Anybody who's been working in front-end more than a month is aware of the breadth of frameworks and libraries out there. Like aspiring athletes, they compete for a chance to be in the spotlight and hold the title, for a fleeting moment, of the most popular platform.
In that ever changing landscape, many of us find ourselves wishing we could try the new tech that all the cool kids are talking about. But our customers aren't interested in whether we're using Ember, Backbone or Vue, they just want a working product and the new features they’ve been waiting for. And so we do what makes sense: we pick a tech and stick to it. This is the situation we're in at Flexera. We have a collection of front-end applications built with: React, Angular 2 and AngularJS 1 to only name the most recent tech.
We started the year by adding one more tech stack when we defined a new standard for our green field apps. We decided to go with React, TypeScript and styled-components and started building a new components library to implement our designs and patterns in a reusable manner.

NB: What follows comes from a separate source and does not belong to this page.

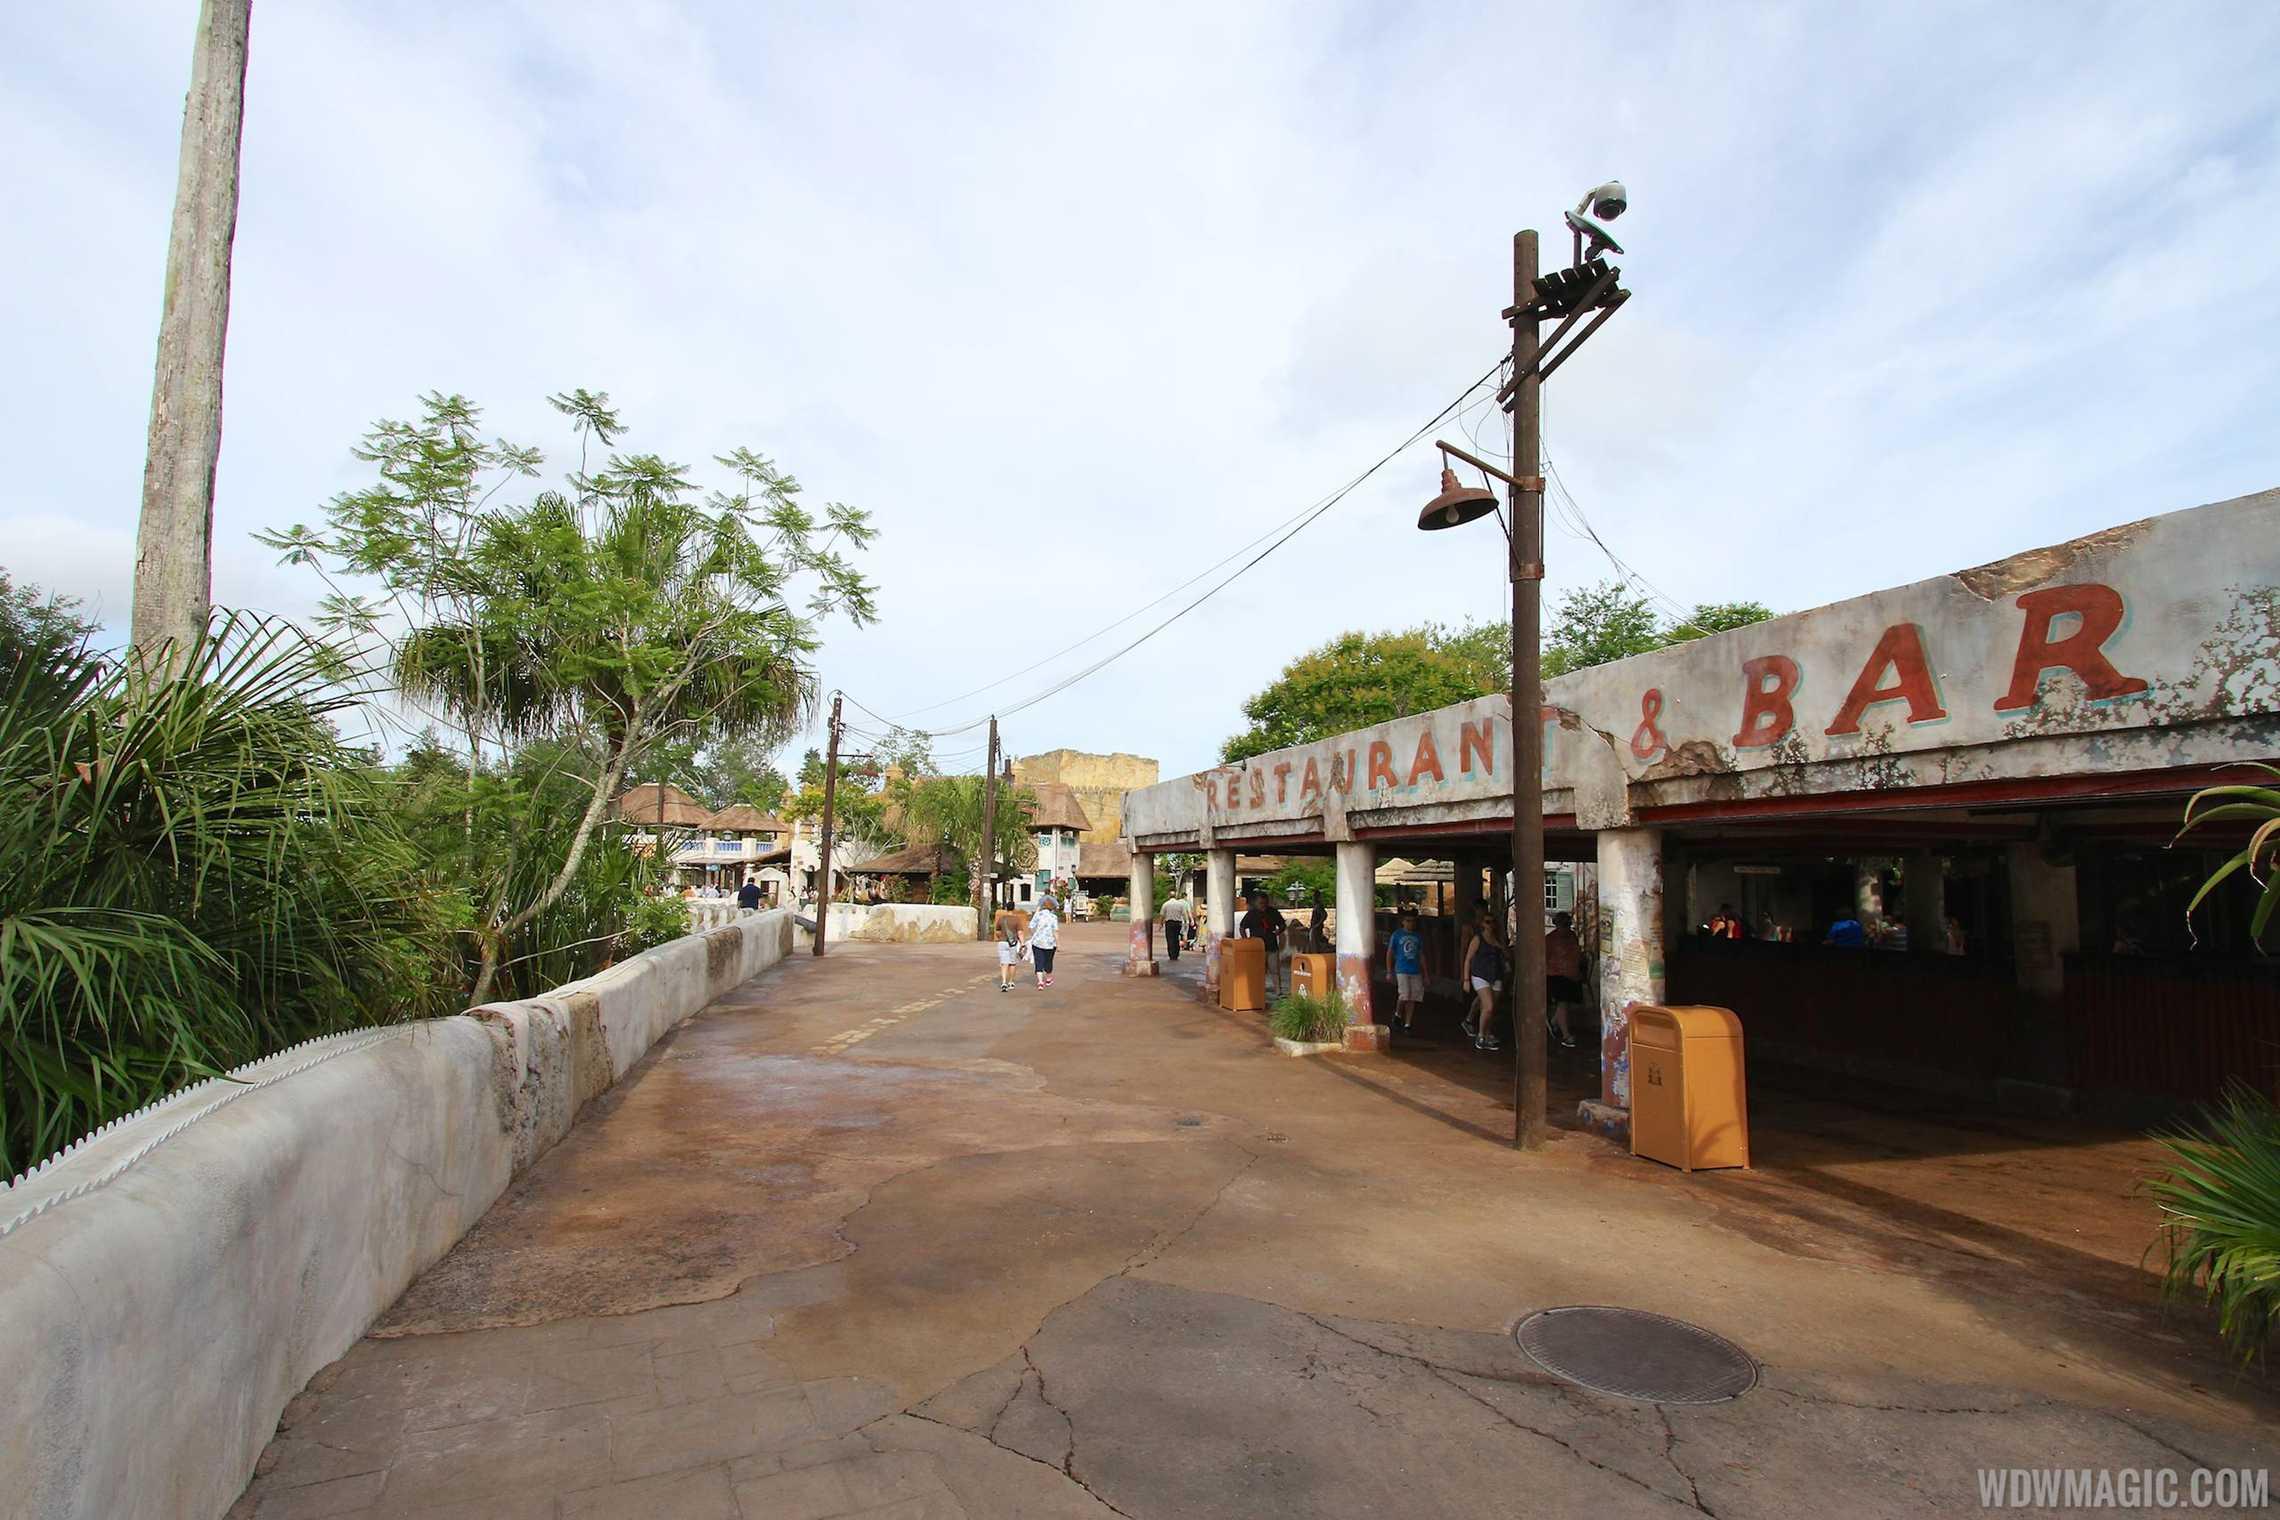 New Harambe Theatre area in Africa - Walkway into new area along Dawa Bar
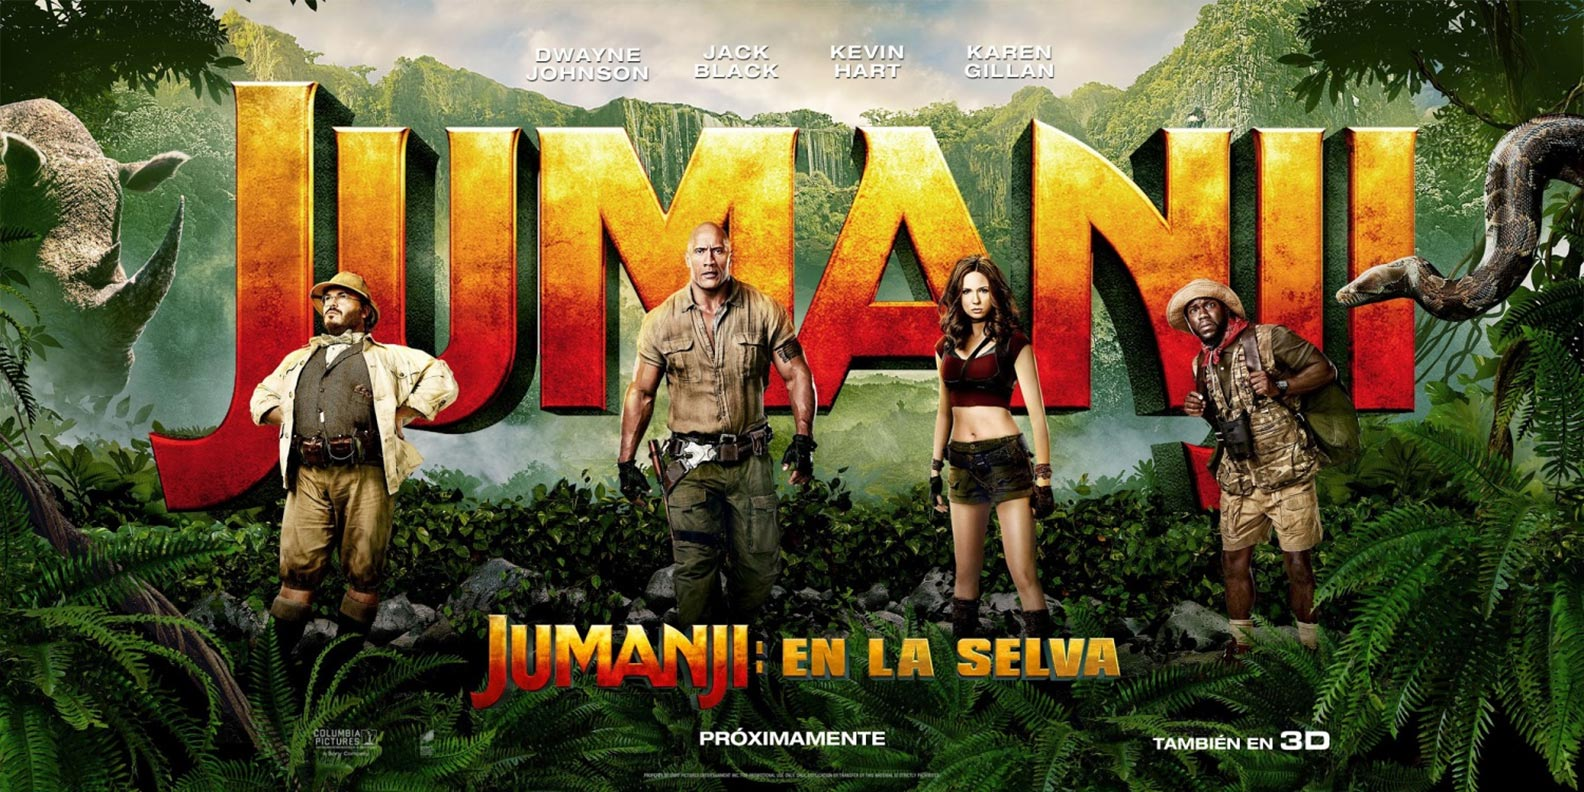 Jumanji 2: Welcome to the Jungle 2017 English BluRay 480p 720p 1080p

Integration is also a strategic focus this year, as we have many powerful capabilities siloed into separate products. There's an ambitious and exciting plan underway to support this on our back-end. At the UI level, this translate to merging our various products into a single interface where our users will find everything they need in one place.
This is not a simple task as we have years of work in our various apps and some of our UIs are fairly complex. So we thought through the various ways we could tackle this: from full rewrite to simply updating our CSS styles.
In the end, we decided a good compromise would be to merge our older single page applications into a brand new, single front-end. We would start by embedding the existing code, framework and all, in the new project. Then over time old code would be converted or replaced while new features would be built straight with React.
Anything using a server-side framework such as Ruby on Rails or ASP.NET MVC is too different to be handled in the same way and would need to be rewritten or kept separate.
The first step was to confirm the idea was technically feasible.
We put together a test React application based on our new standard. Then we defined a small set of experiments to determine if an app built on another framework could be embedded in our test app:
While we focused on AngularJS 1.5 and Angular 2; these checks will apply to any other framework as well.
Of course the first thing a developer should do when faced with a new problem is search online to see if someone else has already solved it. Surprisingly, most results explain how to render React components within Angular applications and not the other way around, it's clearly a more popular approach but it wouldn't work for us.
Thankfully, a couple of posts stood out:
Those were both useful starting points and got us on our way. With some additional tinkering, we were able to check all the boxes and proceeded with our plan.
So we're starting from a set of standalone applications, with different framework, build tooling and deployment strategy. And our end goal is a single React application with chunks of Angular 1 and 2. Oh and by the way, they all need to look like they fit together.
It's a big task and we can't really stop all feature work until all of our applications are unified. So we've decided on a staged approach where we take one or two apps at a time through a migration path:
In order to merge multiple apps into one, we need to be able to bundle the code together. Our new UI standard uses a fairly straightforward Webpack configuration and so our first step when migrating an app is to update its build tooling.
It can be a tedious process especially when an app was not using ES6 modules, in that case we need to go and update every single file. But in it end it's well worth it: a good and coherent build set up will make our life easier in the long term.
Next, we add React to the mix by wrapping the old app in what we've been calling a React shell. The idea is to replace the app's top bar and navigation with new React components from our common components library.
This step leverages what we've learned during experimentation and goes a bit further. Along the way, we ran into some interesting challenges:
And in the end, we had an interesting patchwork of an app: with two different styles glued together.
And so the next logical step is to update the styling of what remains of the legacy code. It's not particularly exciting to dig through archeological layers of old CSS. Yet it's a necessary step as our goal is to ensure a great experience for our users; and a UI sporting 4 or 5 different style sheets does not exactly inspire confidence.
We opted to first release our refreshed apps as is, it allows us to merge all of our changes back and catch any glitch before taking on the next steps.
It also makes the transition less abrupt for our users: first get acquainted to the new designs, then later things may be shuffled around a bit.
In parallel we've prepared our new unified UI. It's a brand new project which will progressively host all of our UI functionality. In order to account for an ever growing single application, we decided to rely on Webpack's dynamic import support to lazy load only the relevant chunks.
Our freshly migrated new app will be merged into the unified repository and integrated into the main navigation. By then, everything will be quite straightforward.
As we're entering into September, we have two Angular (1.5 and 2) applications in the process of being migrated. Plus one green field app which is waiting for the unified UI app to be ready. By the end of the year, all three will be merged together and we'll start working on the next batch. Any new UI functionality will be directly added to our one UI.
While we're far from done, we've mapped our path and are confident we'll reach our destination successfully. I fully expect to run into unforeseen obstacles and that we'll get past them. It's an exciting journey and I look forward to posting about it again in a few months and share what we learned along the way.